Decisions, decisions. We didn’t have a motel room available yet. We ran quick errands around Bozeman to get food and drink, before returning to the starting area to sleep in the 4runner, still unsure if we were grabbing a nap before the next event, or hanging out until our motel room was available. We didn’t know. There were others from last night registered to double, but we didn’t know if we’d be physically able to join them. Sore is acceptable, injured is not.

Trish crashed for several hours in the front seat of the car. I caught a very quick nap, surely less than a half hour, before I couldn’t sleep any longer. Soreness and stiffness were setting in with gusto. When I could no longer sleep, I decided to drive around with the AC cranked and find more food and drink. Trish woke up, and I made it my personal mission to get calories and electrolytes into her.

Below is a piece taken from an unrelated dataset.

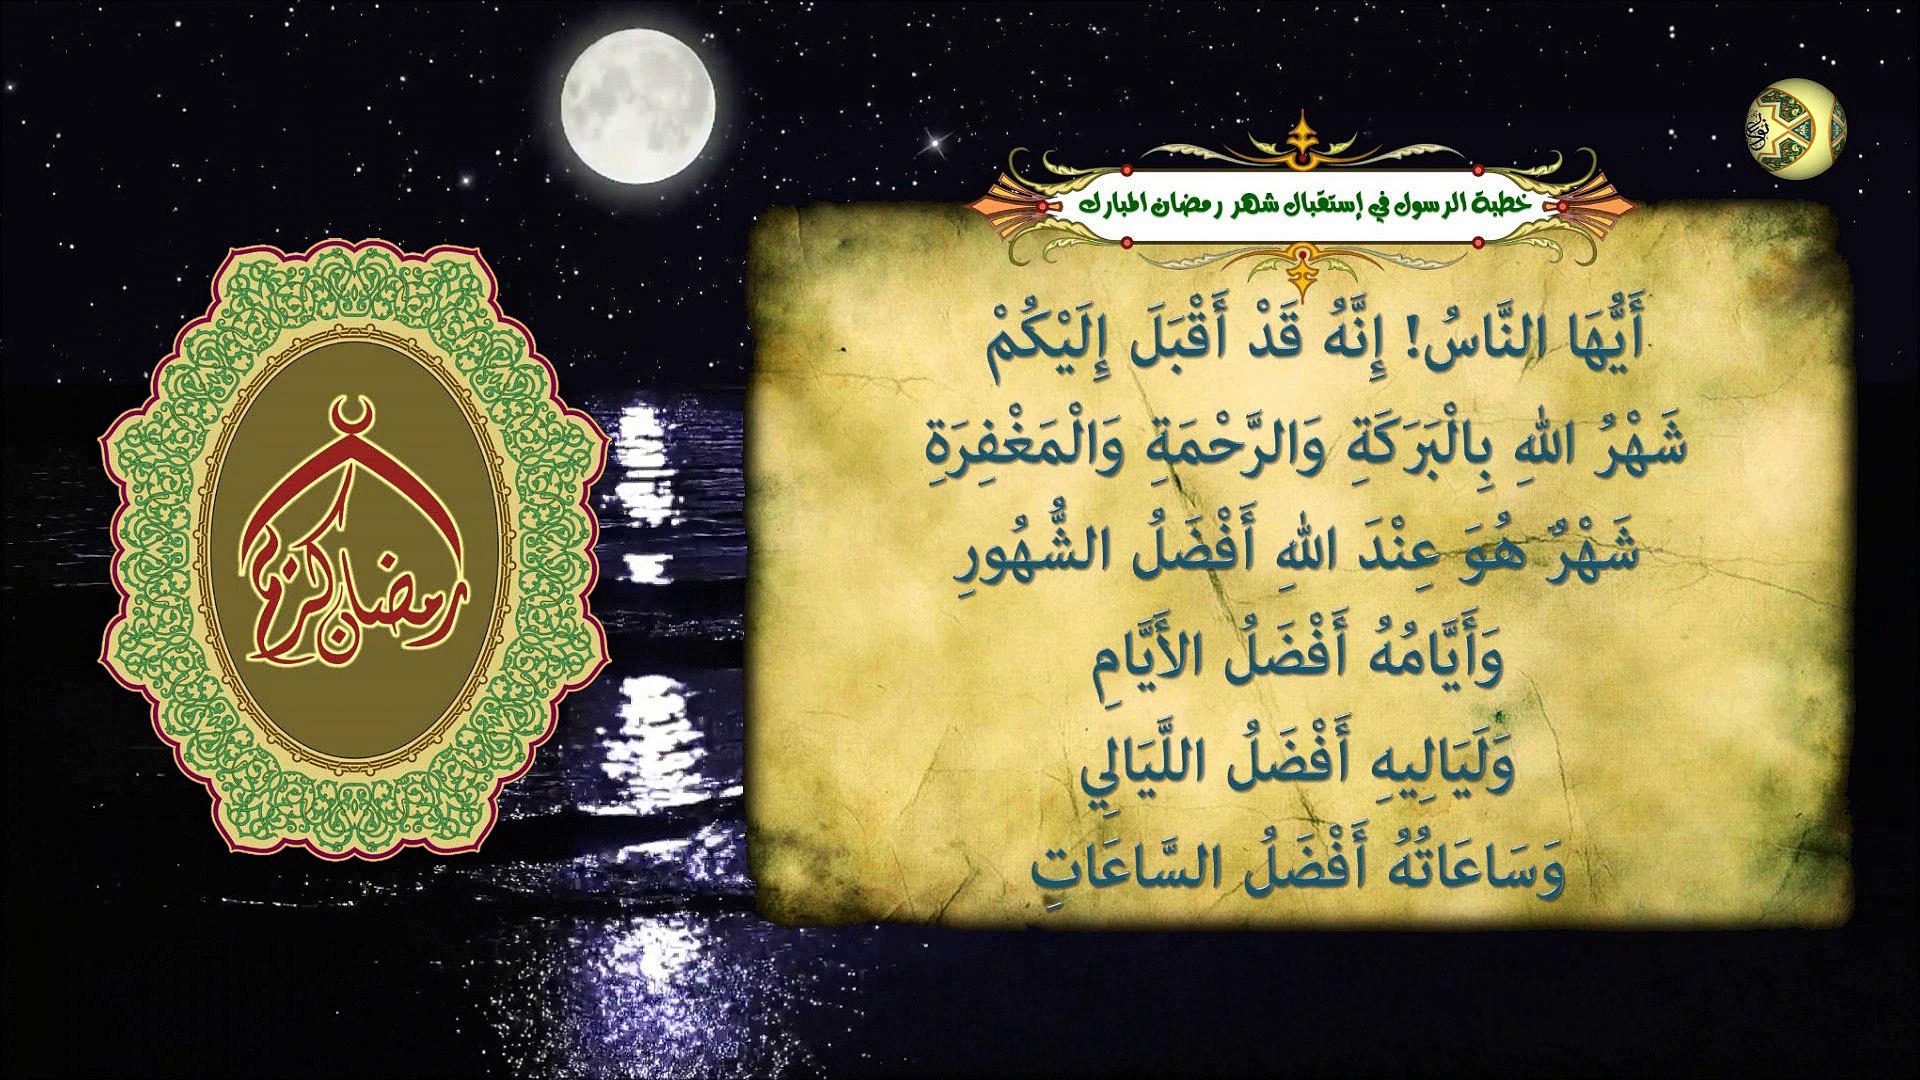 خطبة الرسول صل ى الله عليه وآله في استقبال شهر رمضان المبارك فيديو Dailymotion

Remember, I can’t do these things without Trish. I can’t and I don’t want to. But I also can’t ask her to keep going if it will actually hurt her. My only choice is to fix her without pressuring her to participate. Banana smoothies, Gatorade, electrolyte tabs. Food. Calories.

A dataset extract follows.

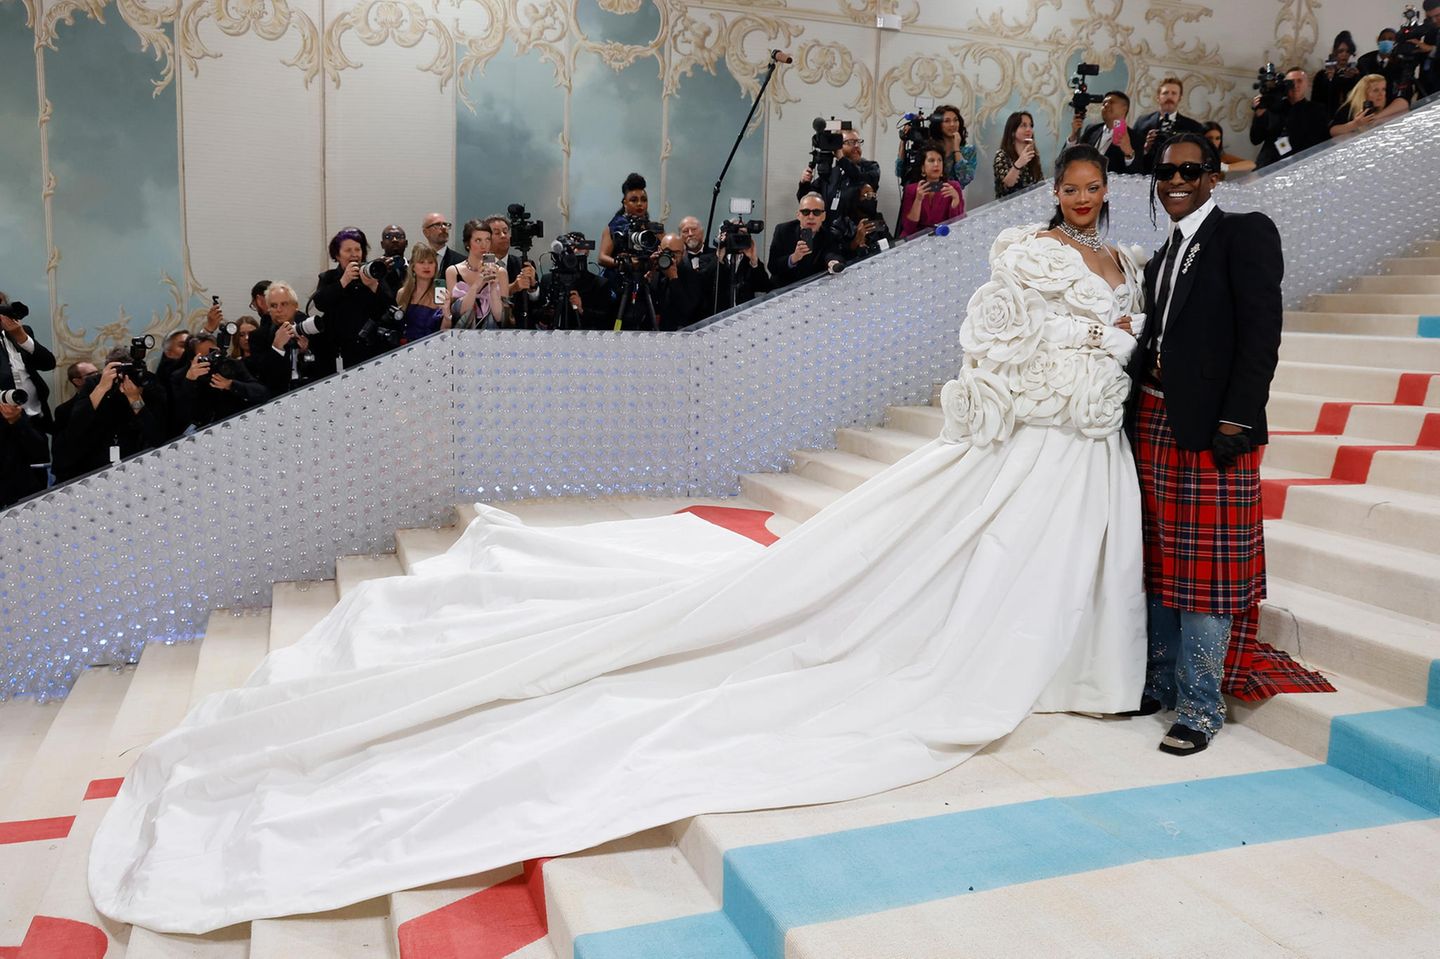 En guise de couronnement, Rihanna et Asap Rocky assurent à nouveau le moment wow de la soirée.  La chanteuse enceinte apparaît sur le tapis rouge dans une robe blanche avec une traîne XXL et une veste élaborée avec des applications de fleurs de la Maison Valentino.  Asap mise sur un mix sauvage de jupe tartan, jean et veste signé Gucci.

She began to lighten. Life returned to her face. She stretched and rolled her legs out.

Trish was a go. I felt much better than I thought I should. Sore, but not disproportionately so. Sore on a level equal to the night’s activities, but I figured once I got moving my body would loosen and play along. If you do enough crazy things to your body, you get a very precise understanding of what it can and will do for you.

We returned to the starting area and saw many of our friends from the night before. Most of the participants in the Light were doing the double. One man who had done it the night before, an Army major who must have been a pack mule in a former life, had his son with him for the Light. A father-son activity.

I think it means a lot when families are able to do these things together. It means so much to me being able to do them with Trish, and Duncan has already expressed interest — and has successfully completed 10 miles of Dirty Dash with us for the past 2 years. Soon, these silly weekend outings will be a full family affair. Rivers may join eventually, but his expressed interest isn’t currently as great as Duncan’s. In a couple more years, Duncan will actually be able to train with us and do Spartans, Gorucks and Tough Mudders.

The man doing it with his son was a great thing to see. Overcoming challenging events with a person makes you that much closer to them. This occurring within a family that is already close, is a magnificent thing to experience. To know and support someone under extreme stress is to really know them and to show them what they mean to you.

We did the double. It was awesome, and there were smiles all around during the Light.

Someday, we’ll do these with our sons. For now, it means the world to do them together.